Tacky Tourist: Tube-top Travesty
Our ongoing series of tourists doing or wearing, shall we say…interesting things. Some will make you shake your head at their apparent lack of thought, some will bring an involuntary guffaw to your lips, and some will give rise to fantasies about required testing before passports are granted: Q1–You are going touring at an ancient site. Do you wear a) a bikini and flip-flops; b) a tube top with strappy, heeled sandals; c) a wetsuit and flippers; or d) intelligent clothing and shoes made for walking? I’ve personally had such fantasies since a trip to Italy years ago where I saw the stupidest collection of footwear stumbling around the streets of Pompeii and then had the unfortunate experience of buying postcards IN the Pantheon when an American woman shoved past me, pointed at a hideous sand-cast, pastel colored magnet OF the Parthenon and asked the proprietor what monument it was and where she could find it. The look on his face was priceless.

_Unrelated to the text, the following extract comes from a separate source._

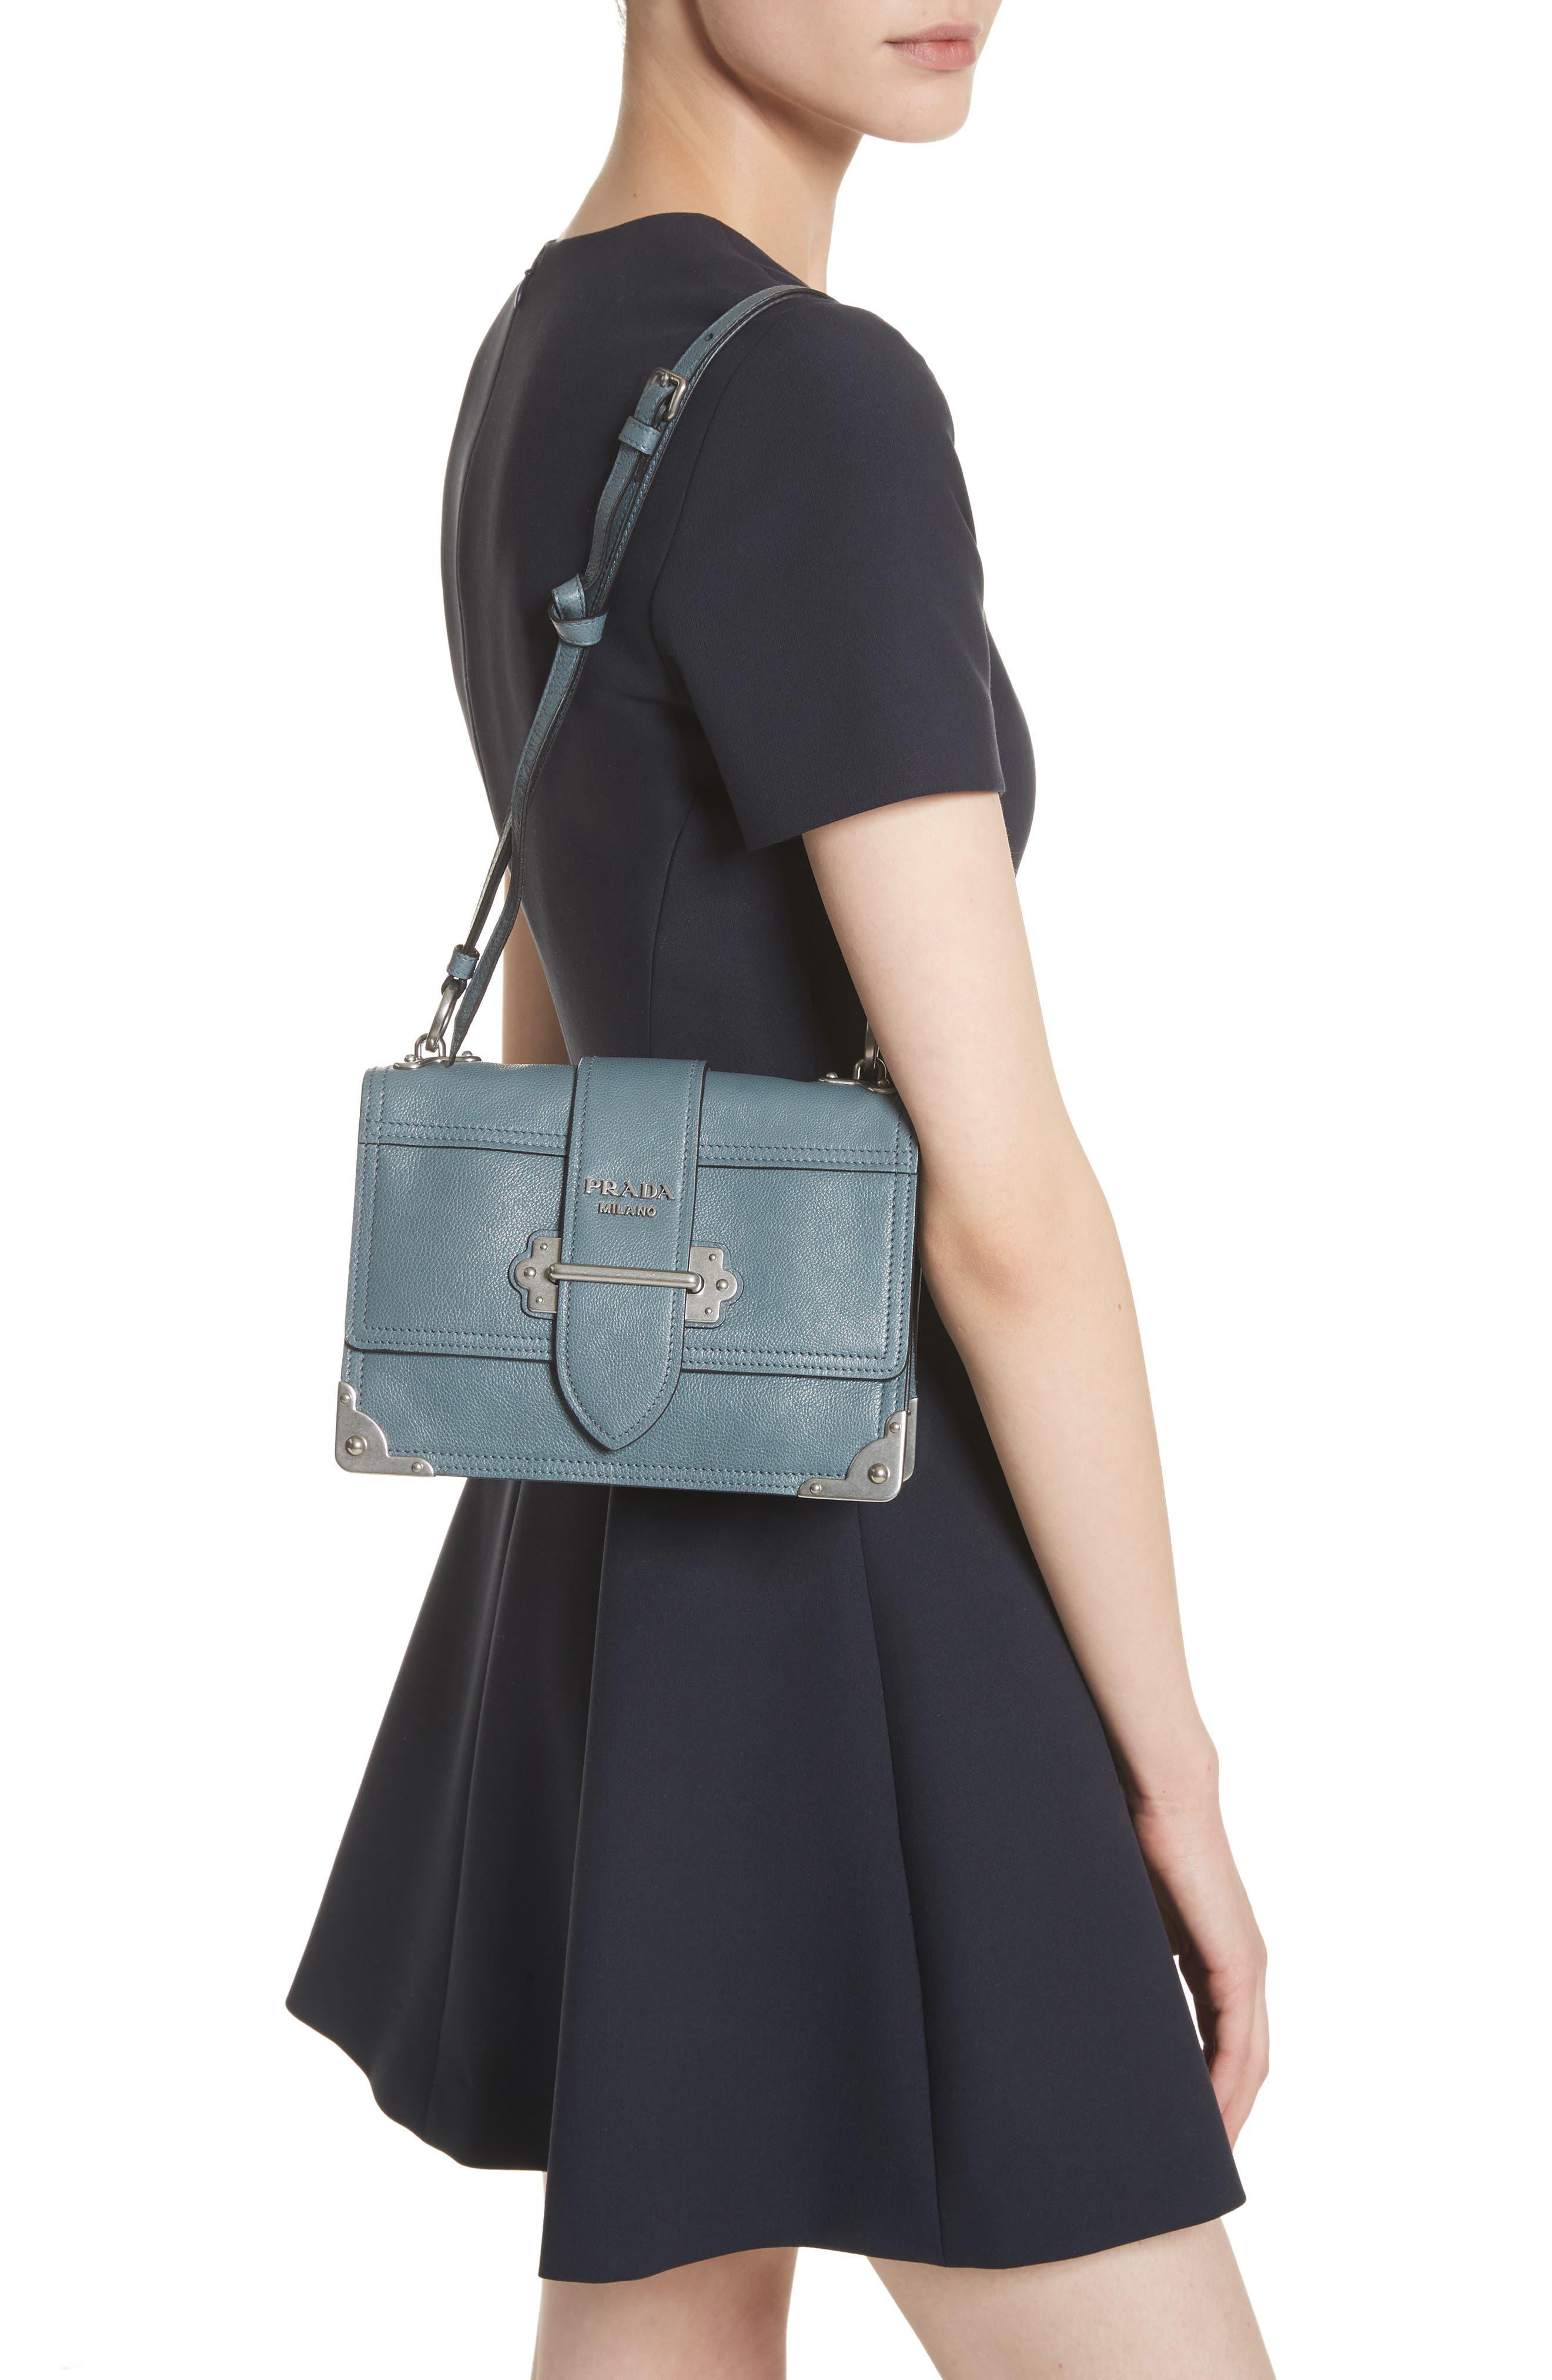 Cahier Glace Calfskin Convertible Shoulder Bag,                             Alternate thumbnail 2, color,                             MARINE/ ASTRALE 1

This week’s photo was taken at Medinet Habu while I was working there. A wonderful man named Salah was my SCA inspector, and these two girls, for obvious reasons, caught his eye and their outfit visibly knocked him man-silly. Salah is an incredibly kind and intelligent man–in addition to being an amazing asset to my expedition, he treated me like his sister the entire 3 months we worked together (a rare and wonderful thing that can make all the difference–not all inspectors are so ‘female-friendly’). He is also unmarried, so these girls running around in skin-tight, thin, white tube tops kind of sent him over the top. The bloody things were almost sheer! Poor man was pacing in circles in the second courtyard of the temple mumbling about being able to “see color”. EVERYTHING was clearly discernible…I’ll leave it to your imagination, but no one that saw them had to. Absolutely stunning. I actually saw these two girls a few days later at Karnak. They were, again, wearing matching tube tops, but at least they were orange that day.